What the task requires:
Copy the listing in full and exactly, omitting its images.

Data provided:
__________________________________________________

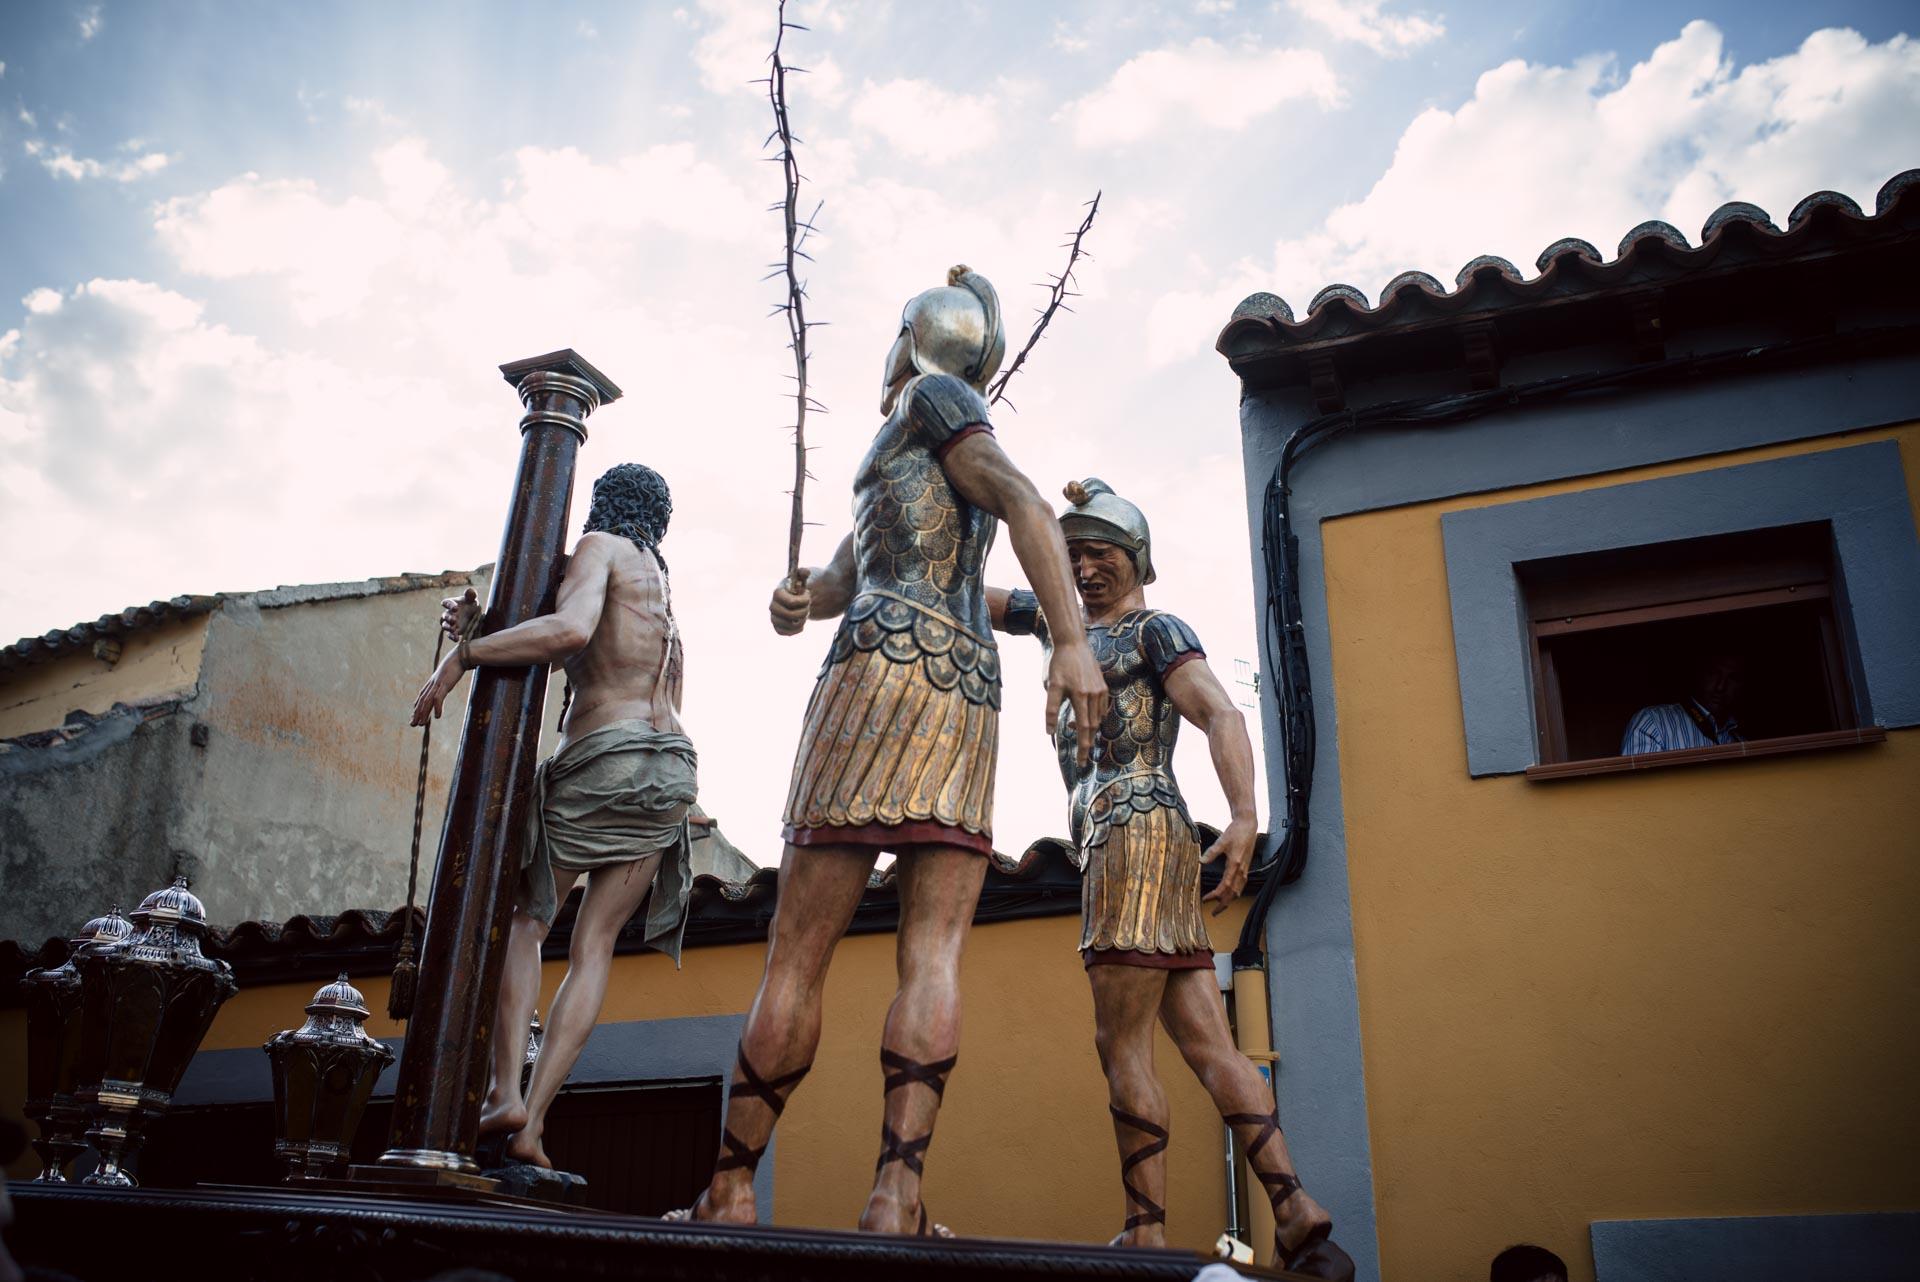 Reportaje fotográfico de Semana Santa Medina de Rioseco. Reportaje fotográfico
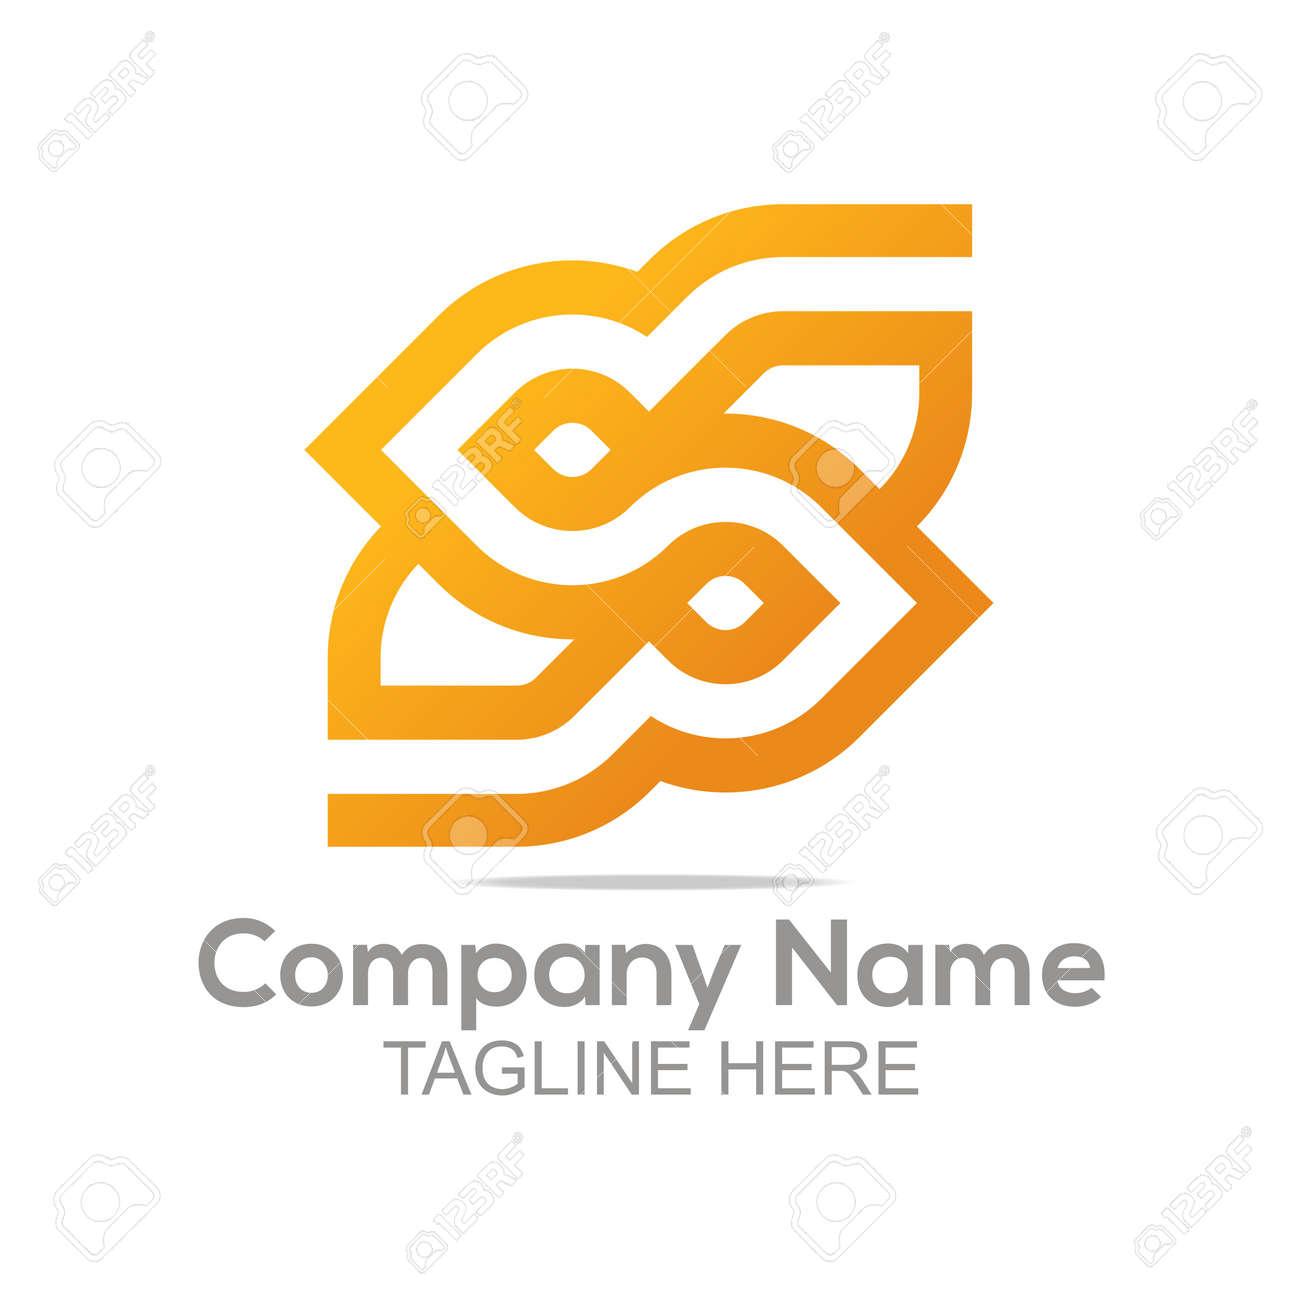 Logo design company name letter s infinity connecting symbol logo design company name letter s infinity connecting symbol icon abstract vector stock vector 45283497 buycottarizona
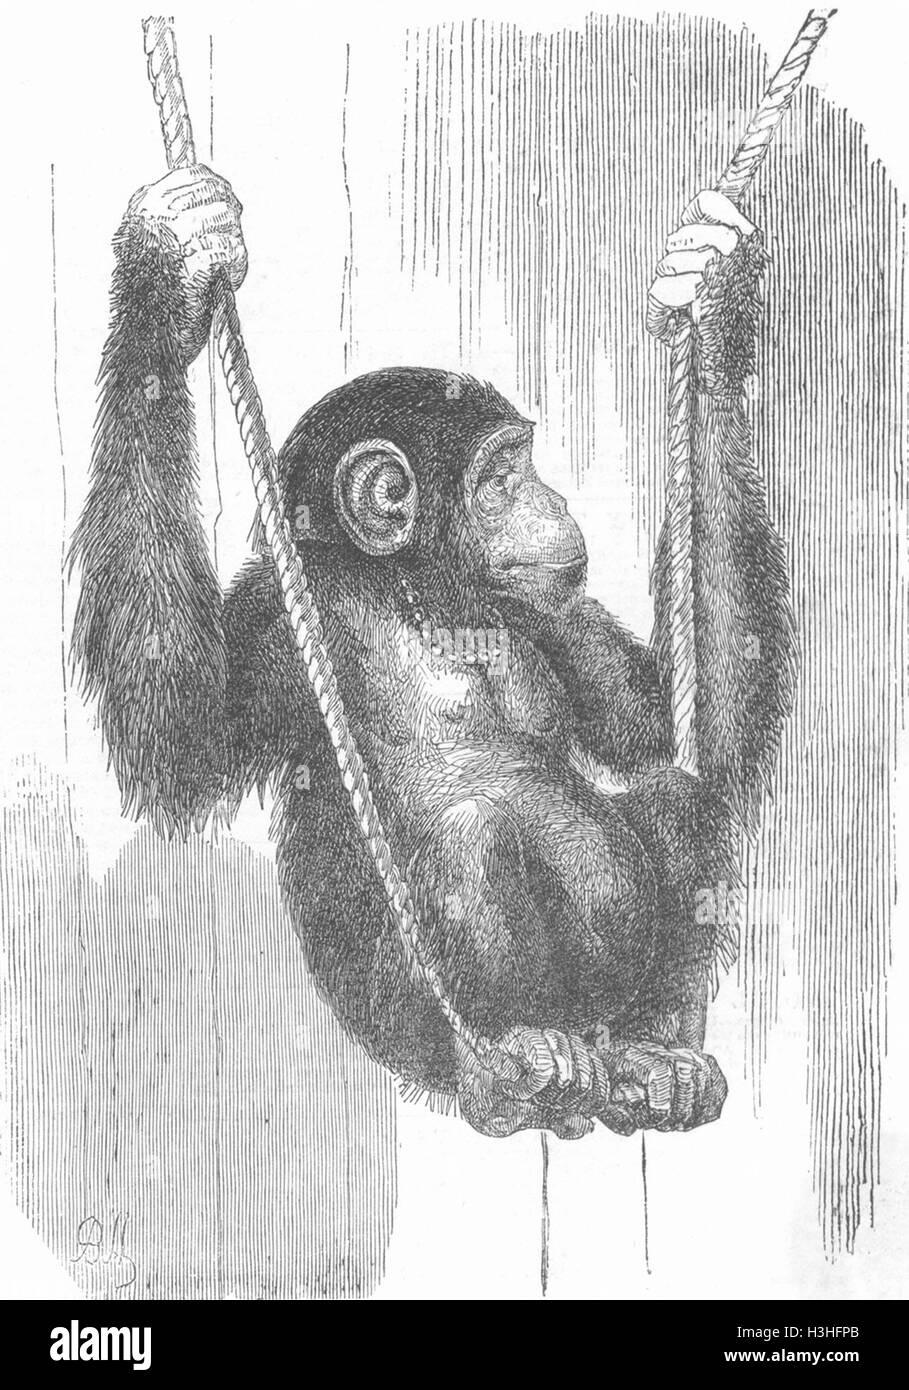 CHIMPS Chimpanzee 1852. Illustrated London News - Stock Image

__________________________________________________

Response area:
 Reportaje fotográfico de Semana Santa Medina de Rioseco. Reportaje fotográfico
 Logo design company name letter s infinity connecting symbol logo design company name letter s infinity connecting symbol icon abstract vector stock vector 45283497 buycottarizona
 CHIMPS Chimpanzee 1852. Illustrated London News - Stock Image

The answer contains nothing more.